Consistent Achievement of Improved Levels of Hematopoietic Chimerism in the Canine Model Following Optimization of Haploidentical In Utero Transplantation

Abstract 2962

In utero hematopoietic cell transplantation (IUHCT) offers the potential to achieve allo-engraftment and associated donor-specific tolerance (DST) without the need for toxic conditioning regimens. In the murine model, IUHCT has been shown to uniformly achieve levels of allo-engraftment that induce DST. Levels of chimerism in these tolerant animals can subsequently be enhanced to nearly complete donor chimerism by postnatal minimal conditioning, same donor BMT. While this strategy would be clinically applicable to many congenital hematopoietic disorders, clinical attempts at IUHCT have, for the most part, failed to achieve engraftment or associated DST. Similarly, large animal models, with the exception of the sheep, have proven challenging to engraft. Over the past several years our laboratory has focused on development of the canine model as a rational preclinical, large animal model for IUHCT. Our initial efforts at canine IUHCT using intraperitoneal (IP) injection resulted in DST in approximately 33% of animals undergoing haploidentical IUHCT, as proven by the ability to enhance engraftment after birth using a minimal conditioning regimen of a single dose of busulfan for same donor BMT. However, levels of donor cell chimerism were uniformly below the limit of detection with our VNTR methodology (< 2%) and were ≤ 1.7% by FACS or PCR detection techniques when applicable. In an effort to improve upon the level of engraftment and consistency of DST in the canine model, we embarked upon a series of studies: 1) to assess the timing of critical developmental events relevant to IUHCT during hematopoietic and immune ontogeny in the dog; 2) to track the efficiency of homing and engraftment of labeled cells using different routes of IUHCT, and 3) to assess the frequency and level of engraftment in the canine model after optimization of timing and route of cell delivery.

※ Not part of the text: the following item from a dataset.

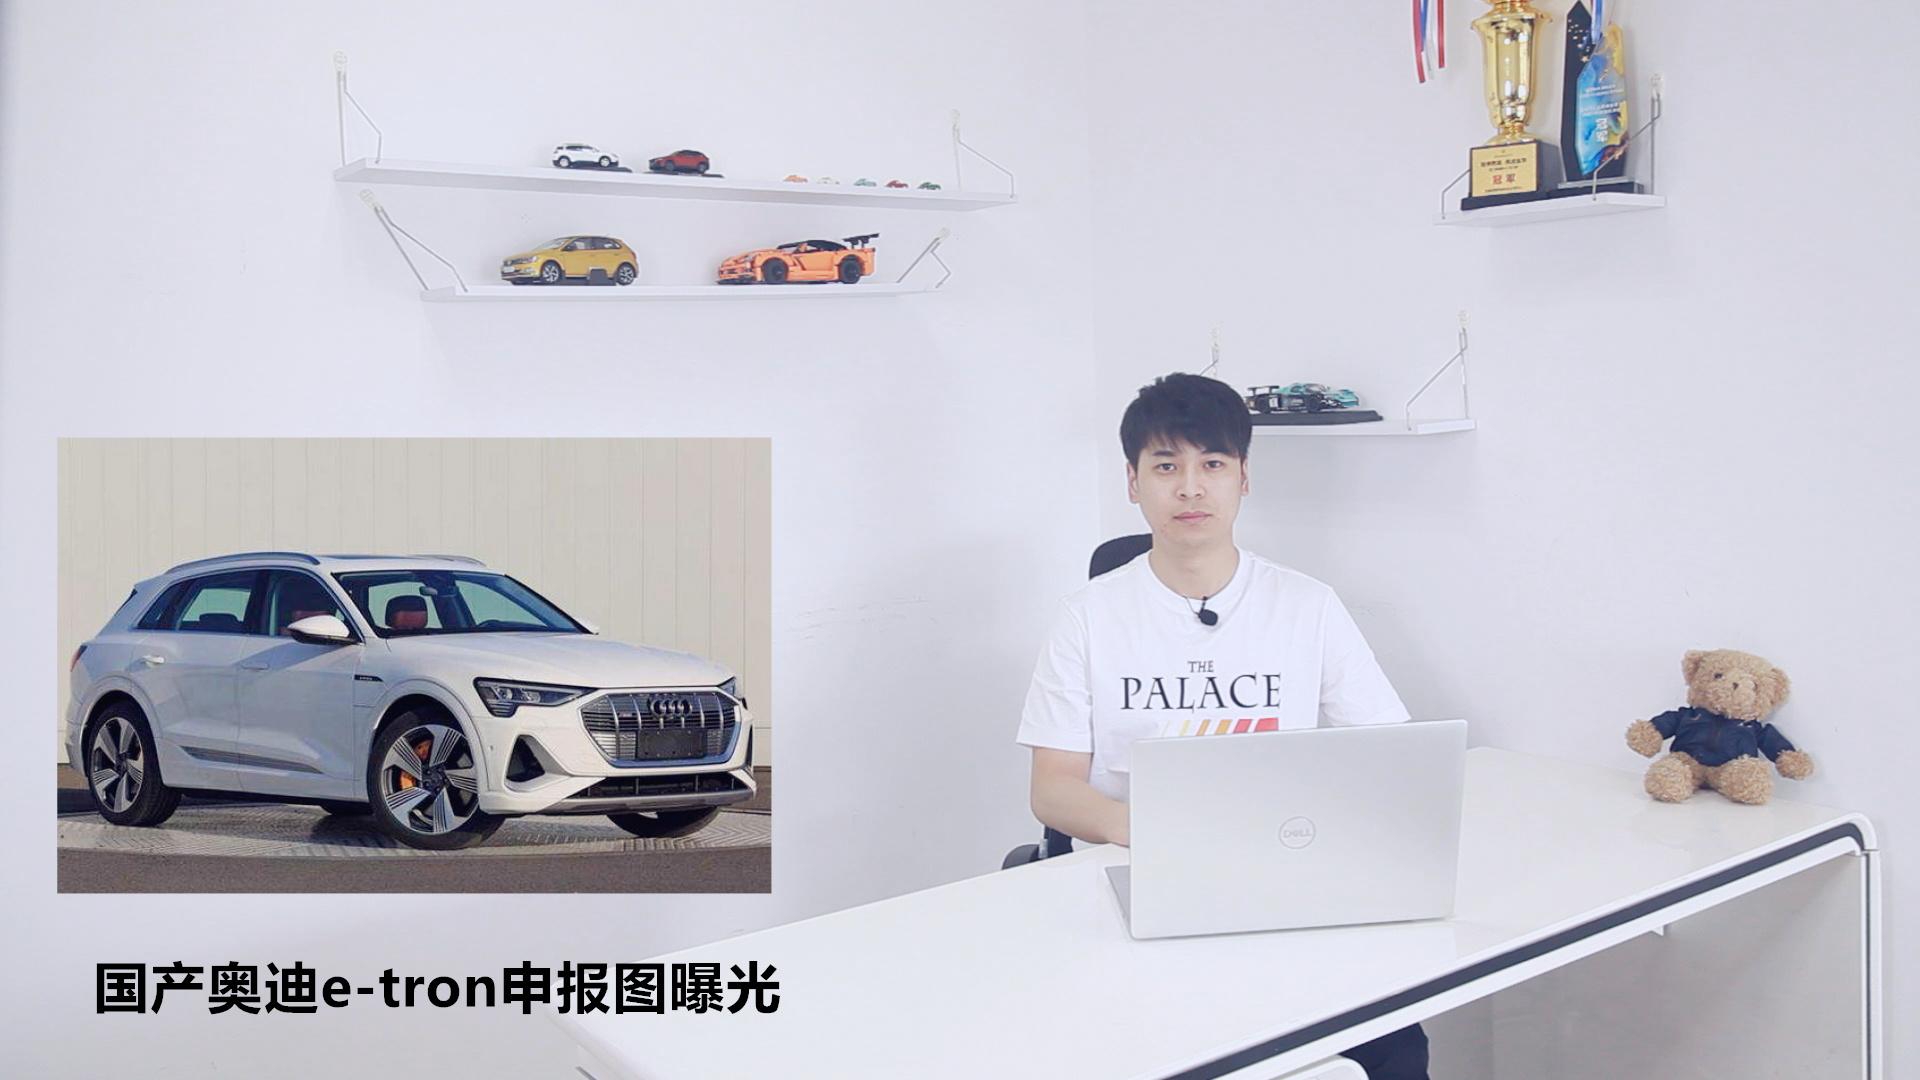 国产奥迪e-tron申报图曝光

Hematopoietic and Immune Ontogeny - The thymic expansion of double positive (CD4⁺CD8⁺) lymphocytes occurred between 39 and 42 days gestation (term=63 days). Fetal liver hematopoiesis as measured by expansion of CD45⁺ cells occurred between 37 and 46 days gestation. Population of the BM by CD45⁺ cells was first observed at around 38 days with marked expansion of BM hematopoiesis by 46 days.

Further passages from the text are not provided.